Mrs. Williamson also quoted President James Madison; Jedediah Morse, the Father of American Geography; Noah Webster, author of the American Dictionary of the English language written in 1828; Daniel Webster; Horace Greeley; William Holmes Guffey, publisher of the McGuffey’s Reader; Justice Joseph Story; John Jay, First Chief Justice of the Supreme Court; in support of morals, what the Bible teaches and Christianity.

During opening ceremonies the Club Collect was led by Catherine Travland, and Joyce Morton led the Pledges of Allegiances to the United States of America and Texas flags.

The minutes of the previous meeting, Jan. 14, were read by secretary Catherine Travland and treasurer Betty Lee presented a statement of club finances.

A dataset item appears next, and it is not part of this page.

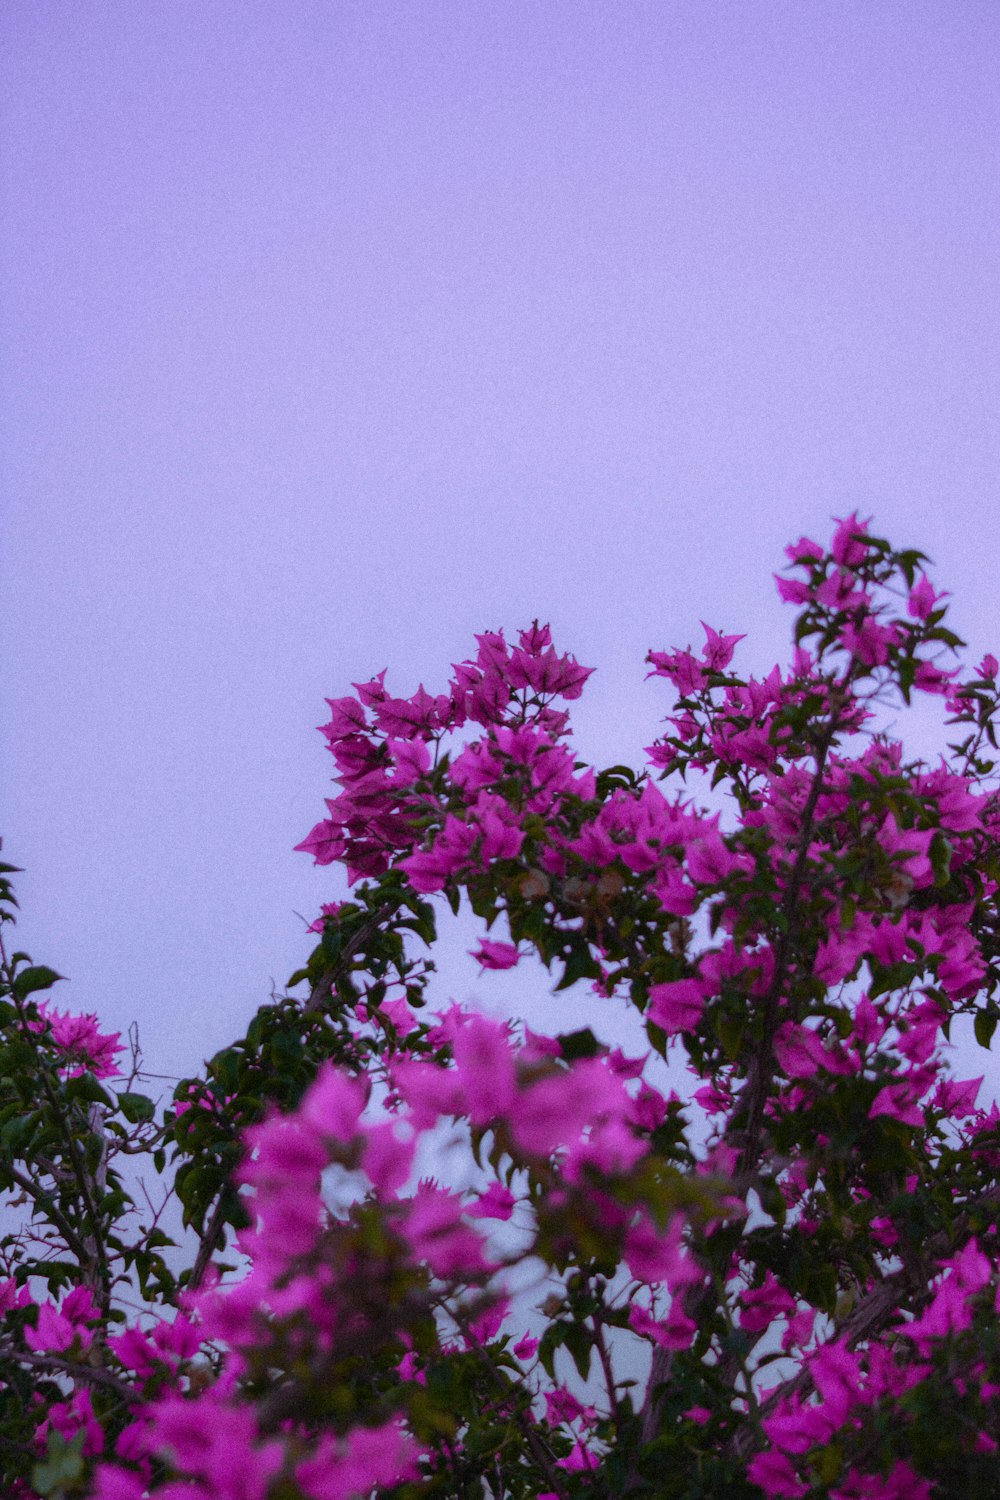 a bird sitting on top of a tree filled with purple flowers

A letter from the Reddick Family was received thanking the club for the Alma Van Sickle Scholarship for 2006-07. The Modern Study Club - Pecos High School Senior Scholarship for 2006-07 was also discussed.

Western District Arts and Crafts Chairman, Joyce Morton, passed out the guidelines concerning accepted entries in the arts and crafts show and writing competition to be held in conjunction with the Annual Spring Convention of the Western District of the Texas Federation of Women’s Club stated in McCamey on March 31. She encouraged entries. Federation chairman, Paula Fuller, called to the attention of club members that February is - Black History Month; American Heart Month; National Child Passenger Safety Awareness Week; National Girls and Women in Sports and Eating Disorder Awareness Week.

She also said that March is - Youth Art Month; National Women’s History Month; International Woman’s Day; Read Across America Day and Colorectal Cancer Awareness Month.

Club reports chairman, Joyce Morton told that 17 reports on club programs, project or activities had been sent for judging at the district level.

Roll call was answered by eight members stating their response to the question - “Why do you think God should bless America?”

The bi-monthly projects for this meeting were to contribute to the National Museum of Women of the Arts and to donate to Operation Smile five cents of every room in your home.

Hostess Juracy Ray served delicious refreshments to those in attendance.

McKinnon crowned Miss Dublin

Kelsey McKinnon, daughter of Mac and Lea McKinnon, formerly of Pecos, was crowned Miss Dublin (Texas) Saturday night as part of festivities for St. Patrick's Day celebration in the Irish Capital of Texas. She is an honor student, editor of the school's Shamrock yearbook, reporter for the senior class and captain of the Dandi-Lion drill team.